3. Proposal Structure & Merit Review Criteria
The CCRI review process is a single‑stage panel review that integrates the standard NSF Intellectual Merit and Broader Impacts criteria with infrastructure‑specific sub‑criteria. The strongest proposals treat these sub‑criteria as explicit, weighted sections in the Project Description.
3.1 Infrastructure‑Specific Review Sub‑Criteria
- Potential of the infrastructure to advance research and education – Does it enable experiments that are otherwise impossible? Does it accelerate discovery for a whole sub‑field?
- Quality of the management plan – Realistic schedule, risk mitigation, staffing, and sustainability after the award period.
- Qualifications and extent of the user community – Who are they? How many? How do you know they will actually use it? Letters of collaboration are your ammunition here.
- Technical feasibility and readiness – Evidence of prior prototypes, performance benchmarks, and credible scaling paths.
3.2 The Proposal Narrative: A Proven Architecture
- 1‑page Vision Statement: Open with a crisp “elevator pitch” that names the community, the infrastructure, the transformative gap it fills, and the theory of change.
- Community Needs & Landscape Analysis (2‑3 pages): Cite concrete data – surveys, published roadmaps, workshop reports. Show that you have done your homework, not just that you think it’s a good idea.
- Technical Design & Implementation Plan (5‑7 pages for Medium/Grand): Use diagrams, hardware/software stack descriptions, and a realistic timeline with milestones. Address cybersecurity and data privacy from Day One.
- Management, Staffing & Risk Mitigation (2‑3 pages): Who runs the help desk? How will downtimes be handled?

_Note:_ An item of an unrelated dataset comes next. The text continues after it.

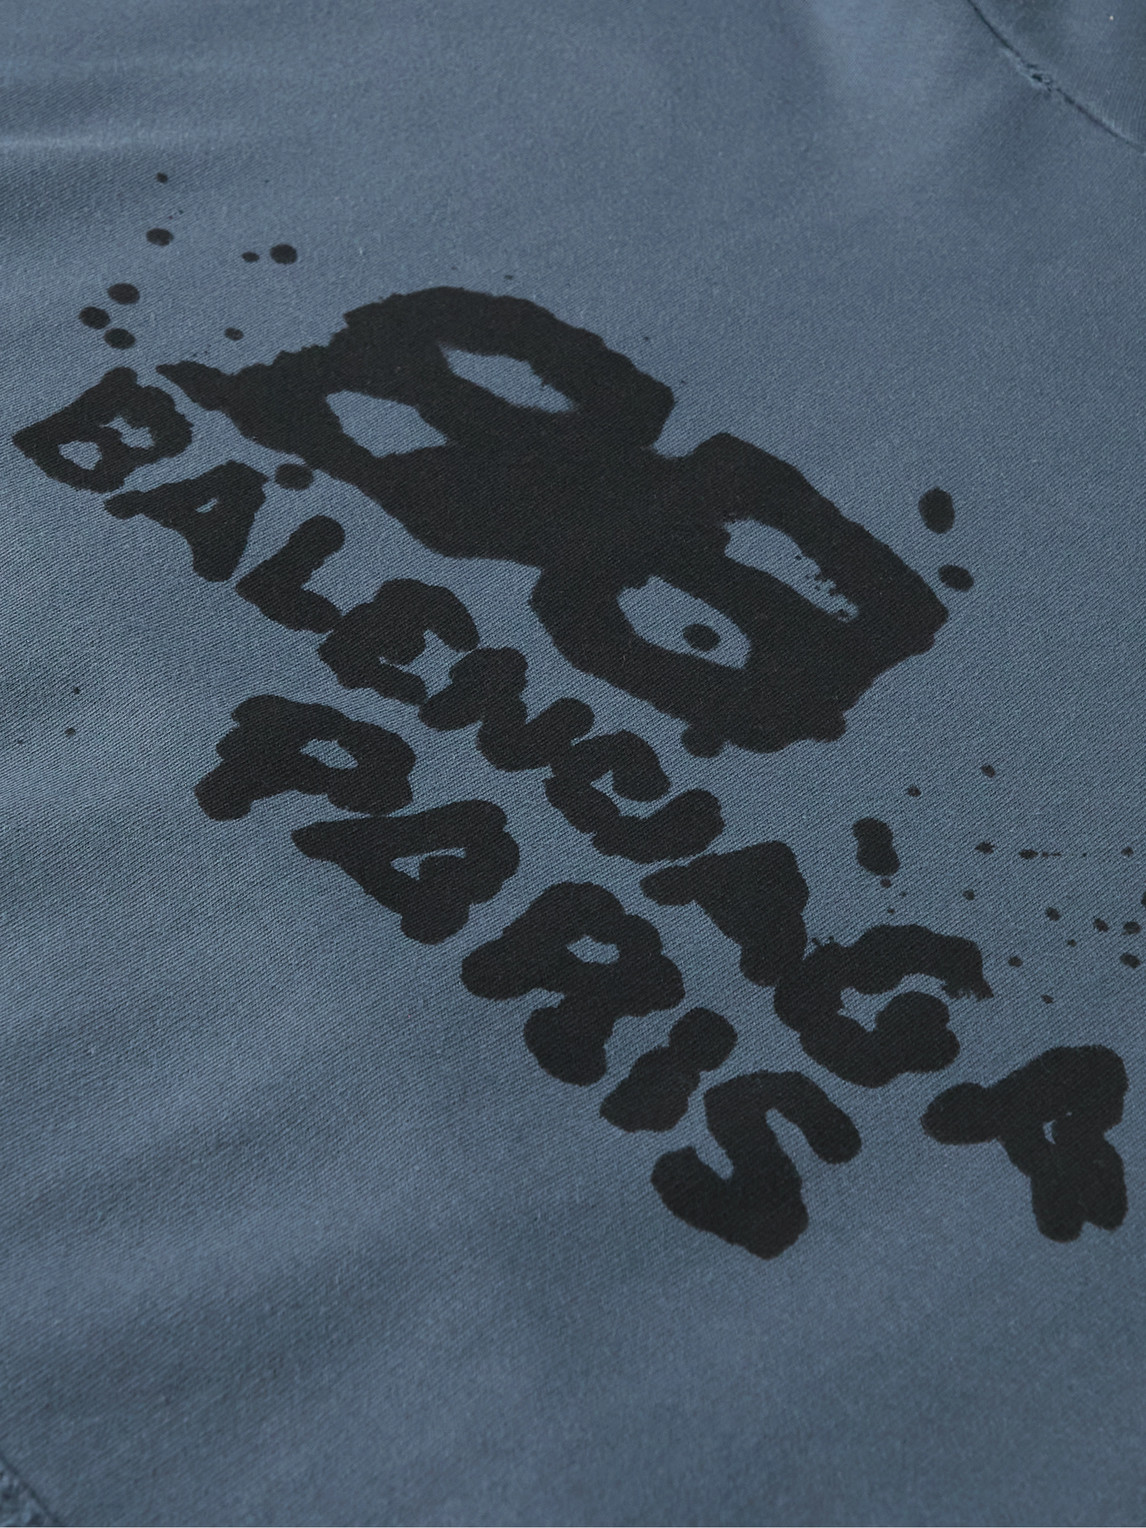 Balenciaga - Oversized Distressed Logo-Print Cotton-Jersey Hoodie

What happens if a key person leaves?
- Sustainability & Governance (2‑3 pages): Outline a multi‑year financial model. Pilot projects can charge a modest fee; governance can evolve from advisory board to independent consortium. Reference successful models like the CloudLab, Chameleon, or FABRIC testbeds.
- Broader Impacts & Community Activation (2‑3 pages): Explain how you will recruit users from underrepresented institutions, provide training, and measure adoption. Include a specific “DEIA by Design” plan.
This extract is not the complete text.